Task objective ▸
Everything in the listing must be repeated exactly, apart from the images.

Provided data ▸

Start of Block

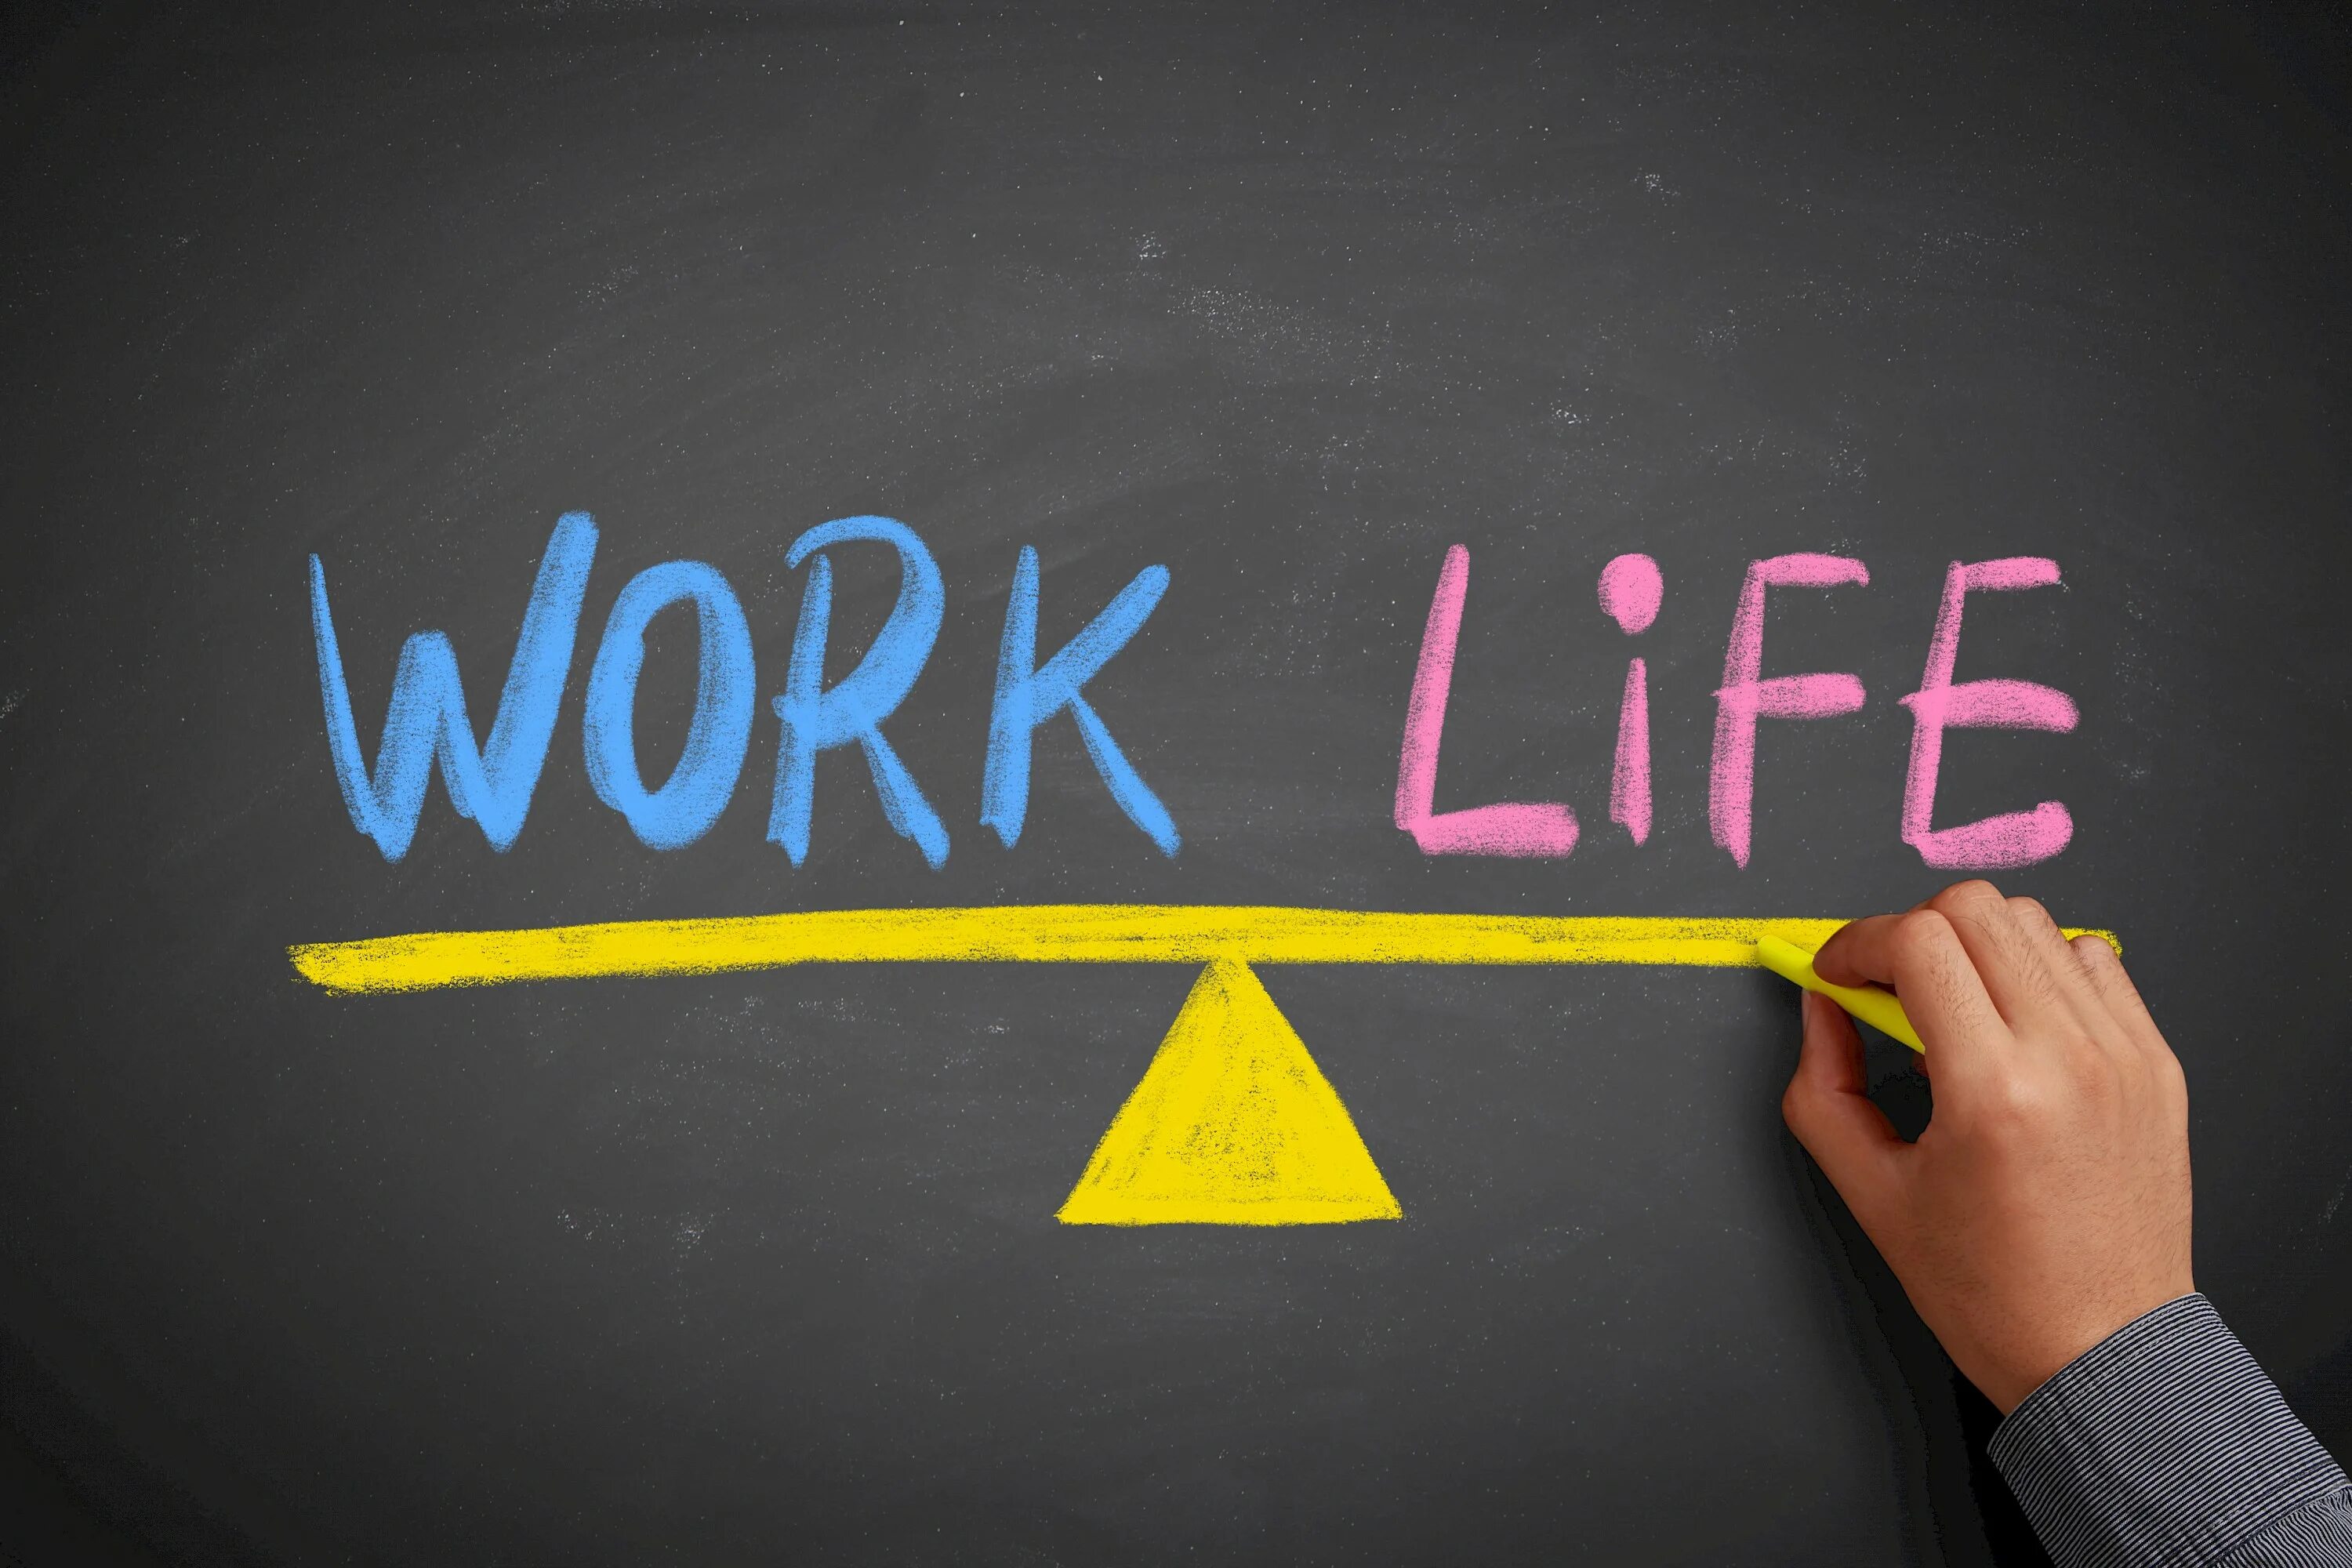 Life is a balance. Work-Life Balance. Баланс между работой и личной жизнью. Баланс между жизнью и учебой. Баланс работа жизнь.
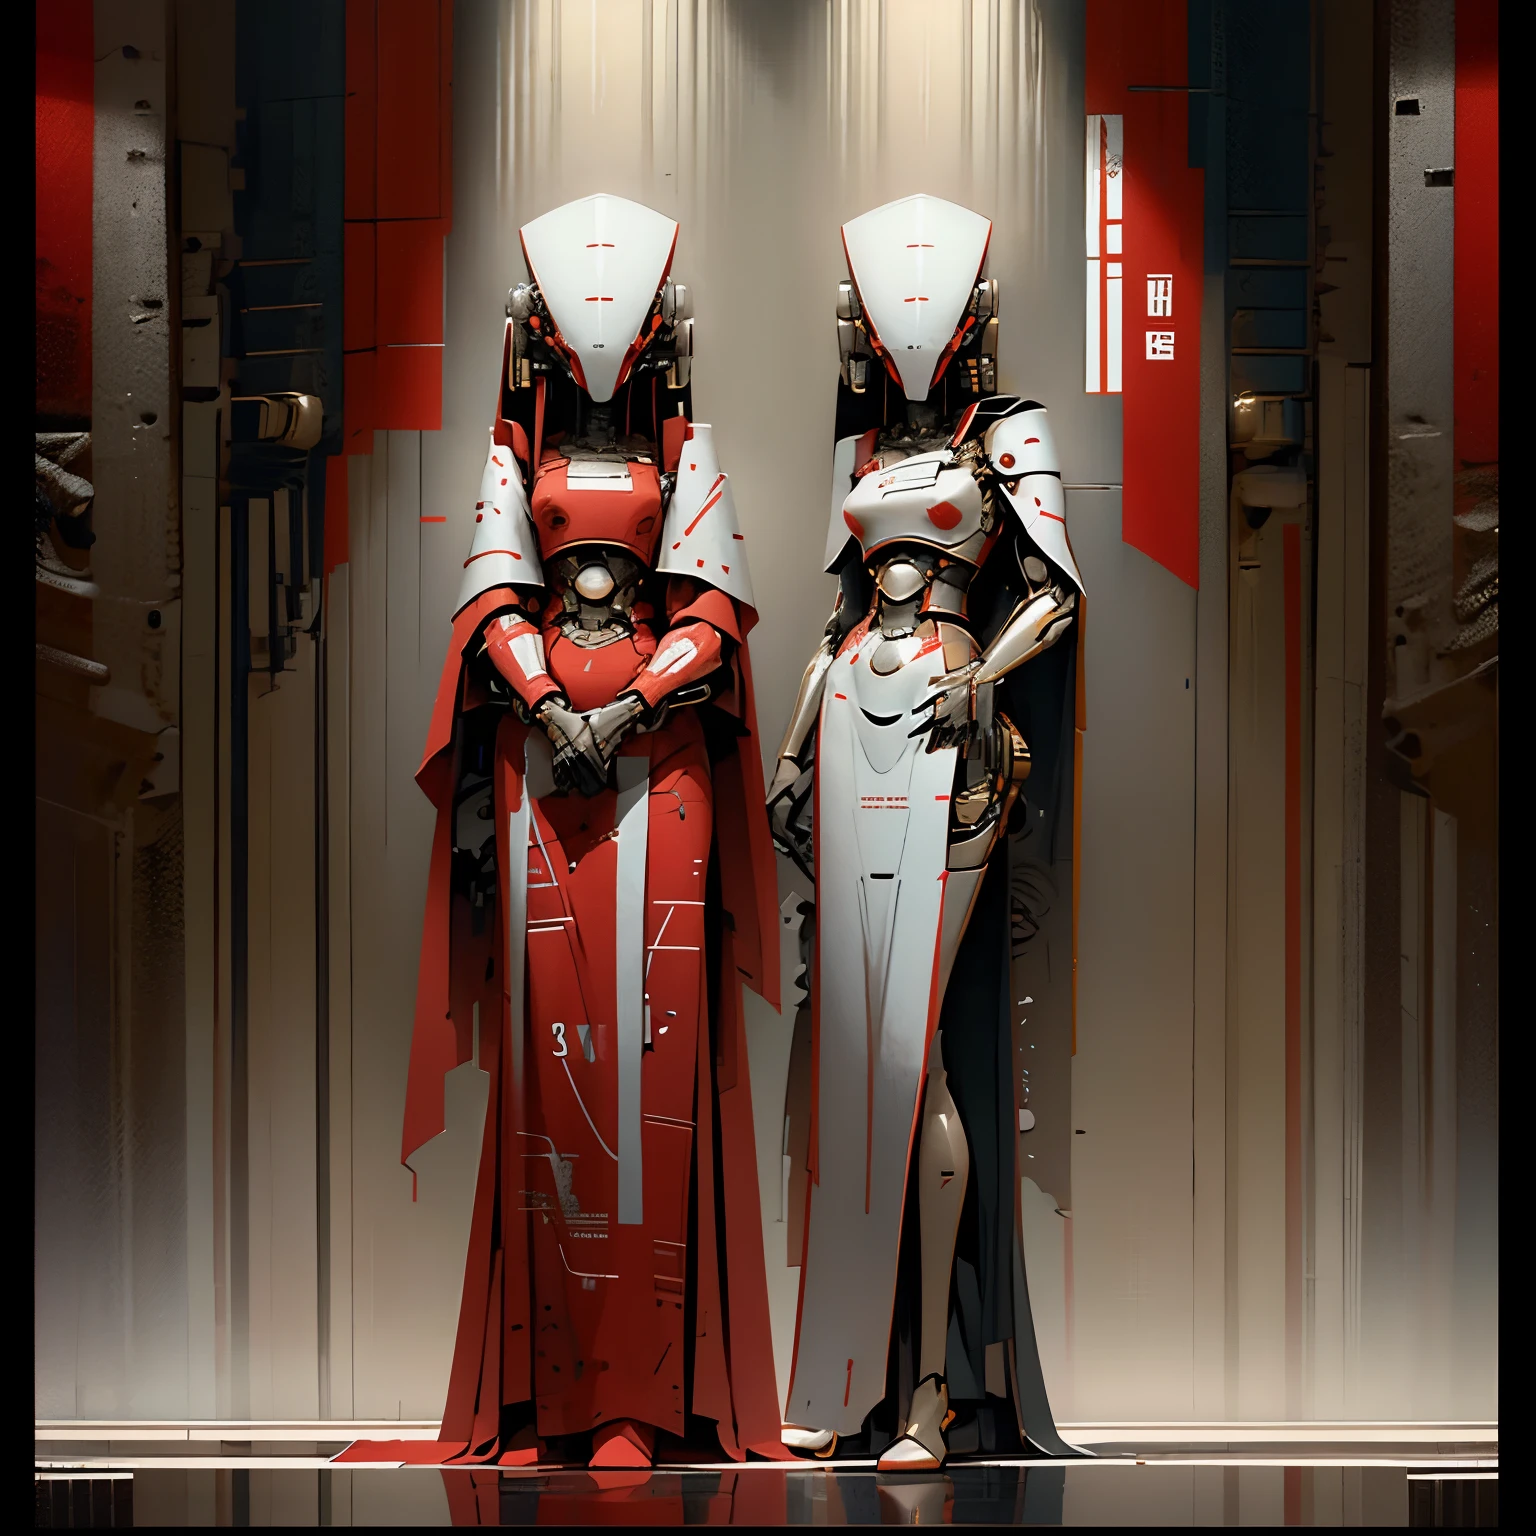 機器人連體雙胞胎, 連接在胸部, 非常優雅的機器人, 紅白長袍, 穿著紅色連身裙, 長四肢, 光滑的機器人鑲板, 非常薄的框架, 平胸, 
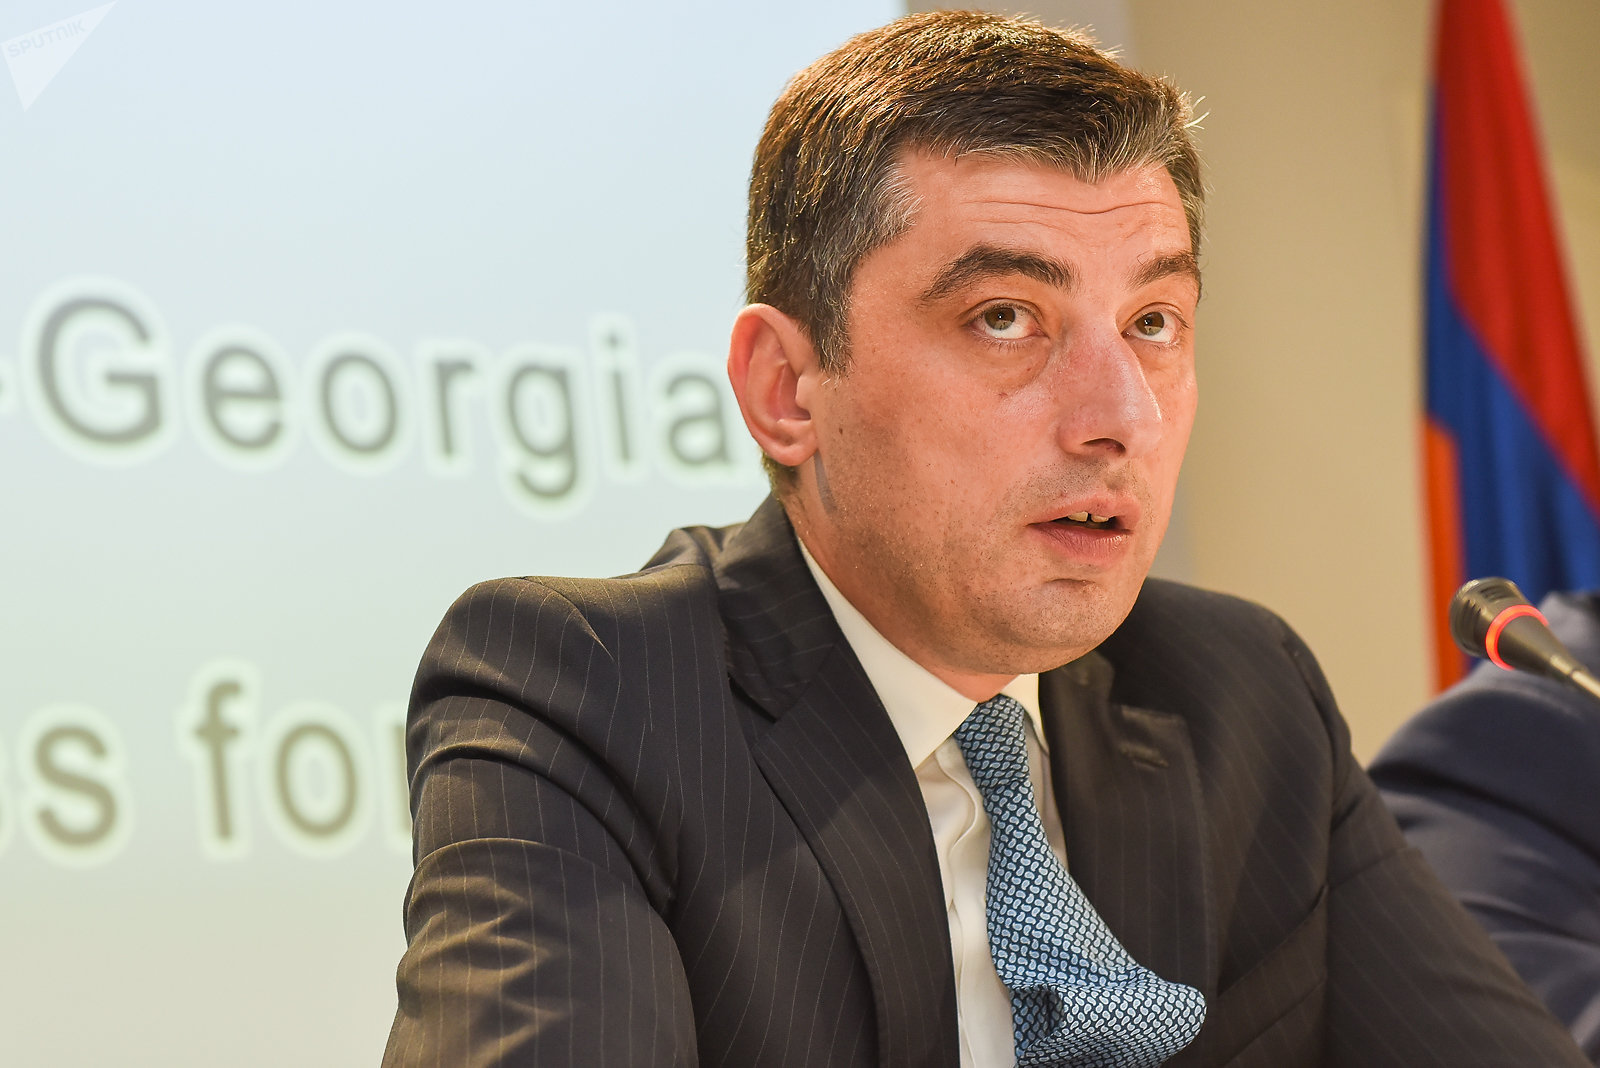 Кандидат в премьеры Грузии Гахария выступил за интеграцию в ЕС и НАТО

End of Block

Response to this task ▸
 Life is a balance. Work-Life Balance. Баланс между работой и личной жизнью. Баланс между жизнью и учебой. Баланс работа жизнь.
 機器人連體雙胞胎, 連接在胸部, 非常優雅的機器人, 紅白長袍, 穿著紅色連身裙, 長四肢, 光滑的機器人鑲板, 非常薄的框架, 平胸, 
 Кандидат в премьеры Грузии Гахария выступил за интеграцию в ЕС и НАТО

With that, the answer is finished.